A Wide Area Network, or WAN, allow companies to extend their computer networks to connect remote branch offices to data centers and deliver the applications and services required to perform business functions. Historically, when companies extend networks over greater distances and sometimes across multiple telecommunication carriers’ networks, they face operational challenges. Additionally, with the increase of bandwidth intensive applications like Voice over Internet Protocol (VOIP) and video conferencing, costs and complications grew. WAN technology has evolved to accommodate bandwidth requirements. In the early 2000’s Frame Relay gave way to Multi-Protocol Label Switching (MPLS). However, MPLS technology has recently fallen out of favor, primarily because it has remained a proprietary technology.
MPLS, a very mature and stable WAN platform, has grown costly and less effective with age. The business enterprise needs to select one MPLS vendor and use them at all sites. That MPLS provider needs to look to a local telecom provider to provide the last mile to remote branches and possibly even the head end. This has historically brought unwelcomed blame and finger pointing as the circuit develops troubles or is out of service. It also creates a very slow implementation timeline for a new site. MPLS solutions are typically designed with one Internet source at the head end that supports the entire WAN for Web browsing. This will create a poor internet experience for the branch and many trouble tickets and frustrations for the IT team at the head end. SD-WAN can eliminate these problems unless it isn’t designed correctly, in which case it has the potential to create problems of its own.
SD-WAN uses broadband internet connections at each site for connectivity. The software component of the solution (SD) allows for the management and monitoring of these circuits provided by multiple vendors. The broadband connections are ubiquitous and inexpensive, provided by local cable TV providers. Broadband internet connections offer more bandwidth and are much less expensive than an MPLS node. Additionally, broadband circuits can be installed in weeks instead of the months required for a typical new MPLS site. In an SD-WAN deployment, each site has its own internet connectivity, the same broadband circuit that is delivering connectivity. This greatly increases the satisfaction of the branch users for internet speed and reduces total traffic over the WAN. However, it creates a challenge for the cyber security of the enterprise. When each remote site has its own internet, each site needs its own cyber security solution. Producing a valid cyber security solution can reduce the cost savings that result from the broadband internet.

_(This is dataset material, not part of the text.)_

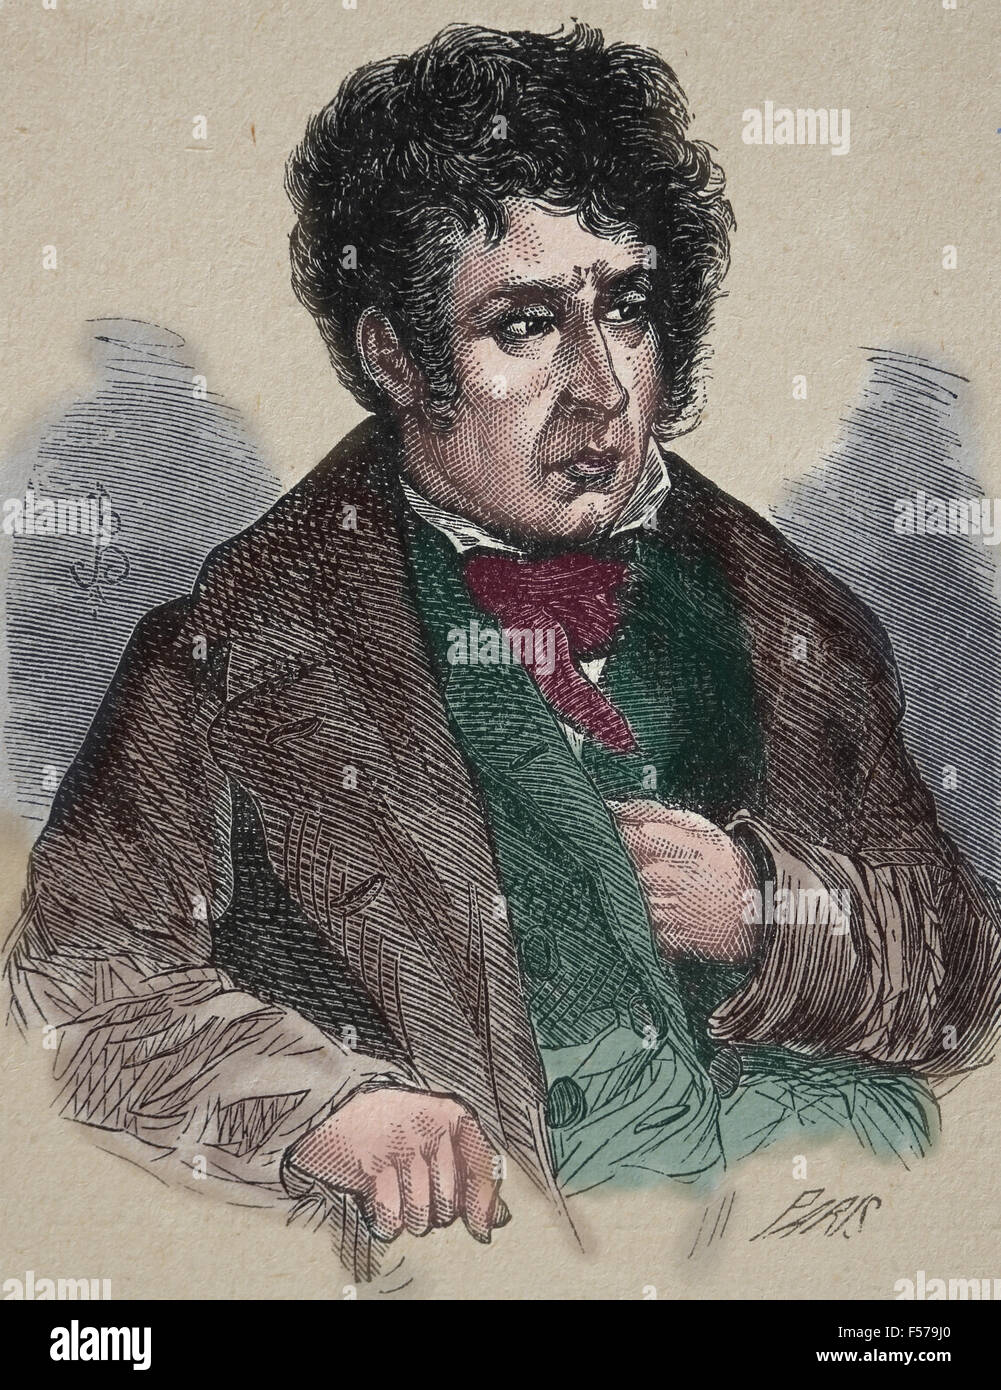 Francois-Rene, Vicomte de Chateaubriand, 1768 - 1848, uno scrittore francese, politico e diplomatico. Incisione di Parigi. Xix secolo Foto Stock
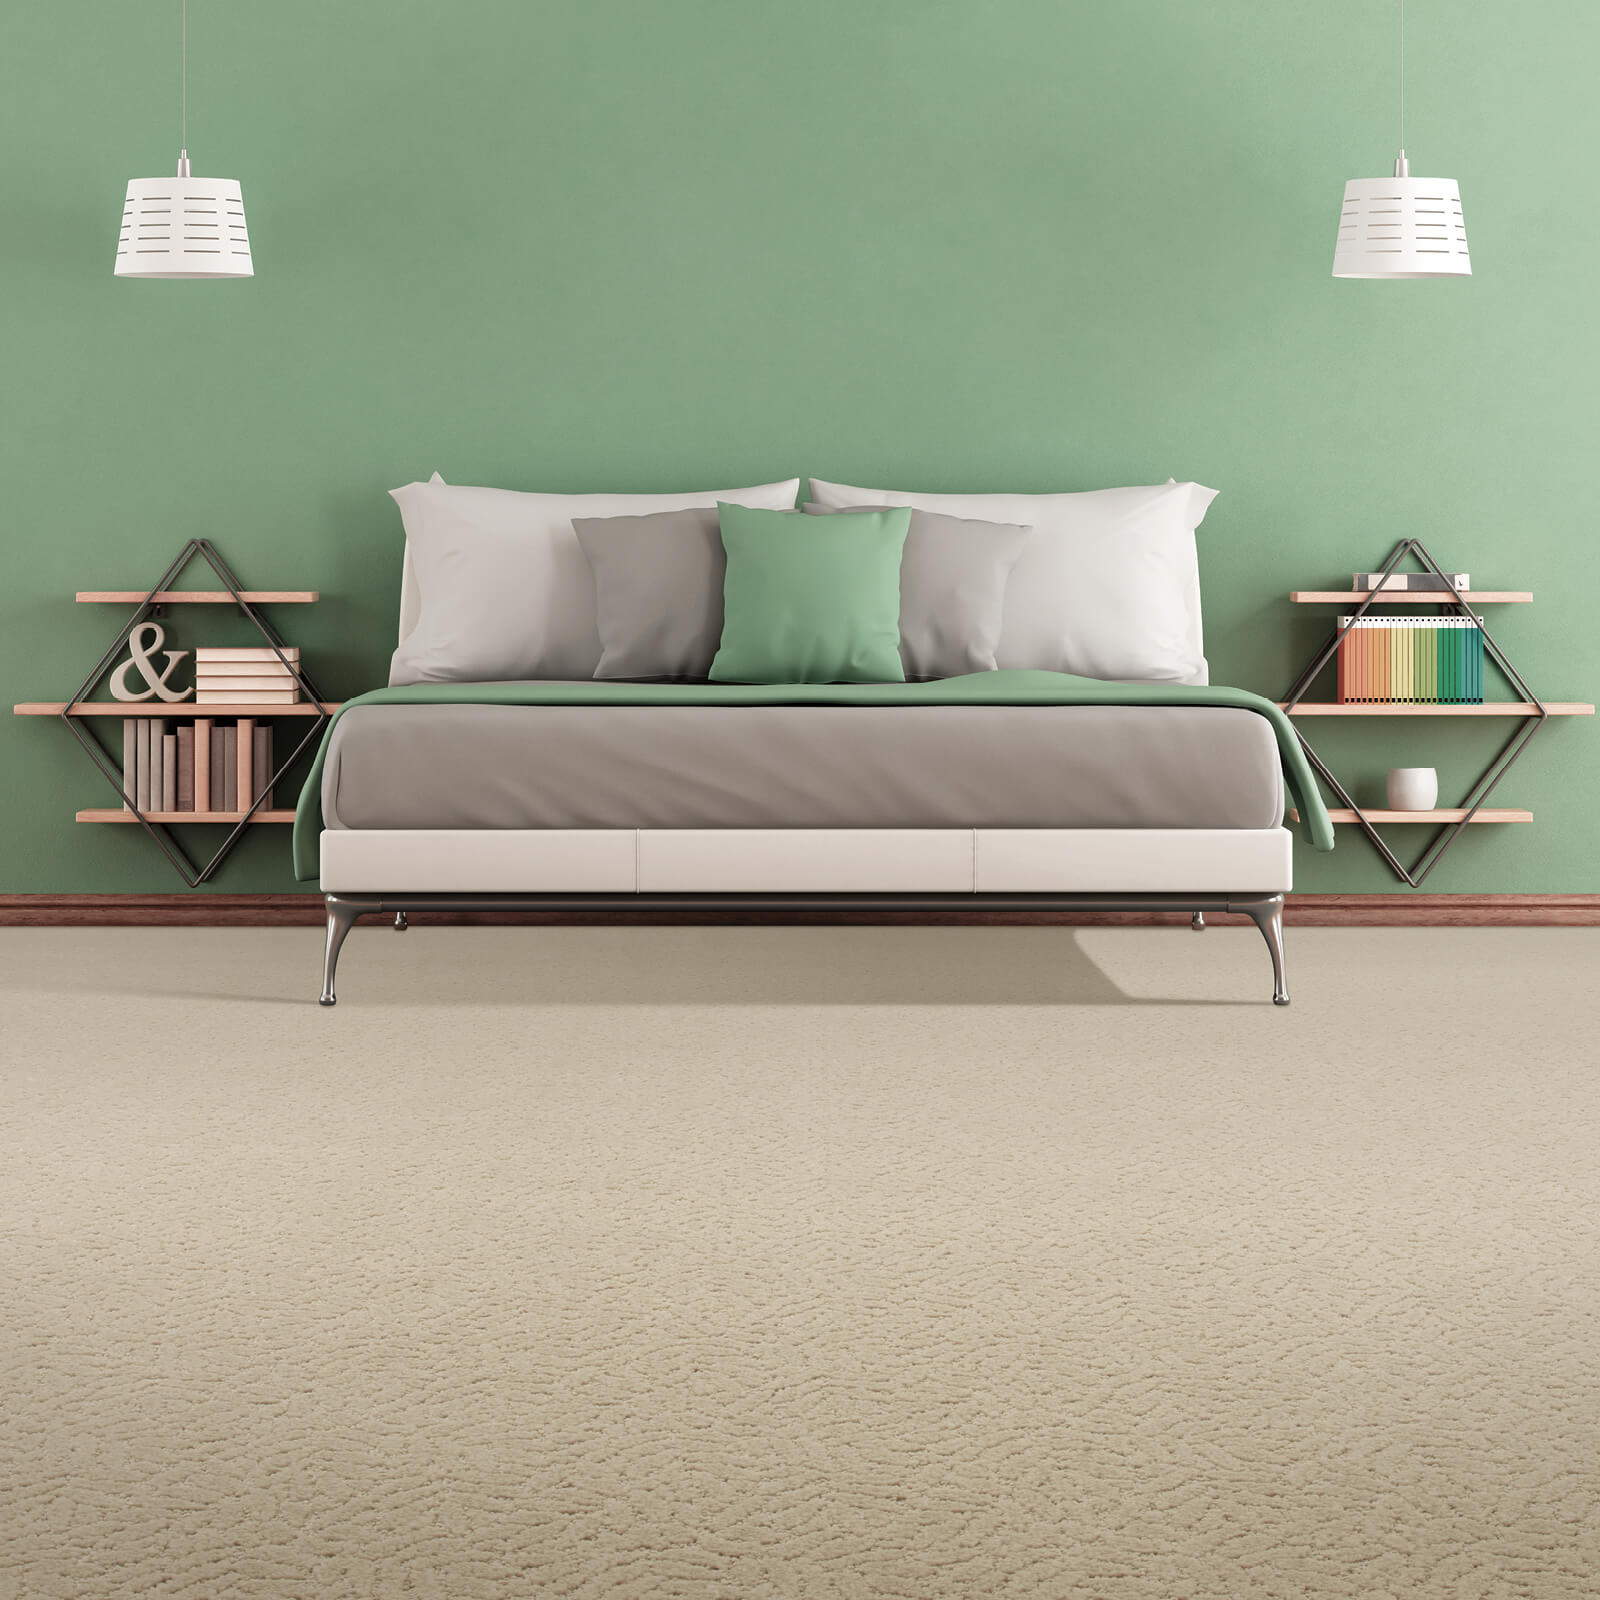 Natural Settings of carpet | Gilman Floors

Gartner recently has labeled SD-WAN as a disruptive technology due to both its superior management of a WAN and its reduced costs. Implementation of an SD-Wan implementation requires a partner with expertise. Some providers today pride themselves on having the best database to find the cheapest broadband circuits for each site. However, it is vital to pick a partner that also can provide an ongoing management of the circuits at each site and a deep understanding of the cyber security risks of an SD-WAN solution.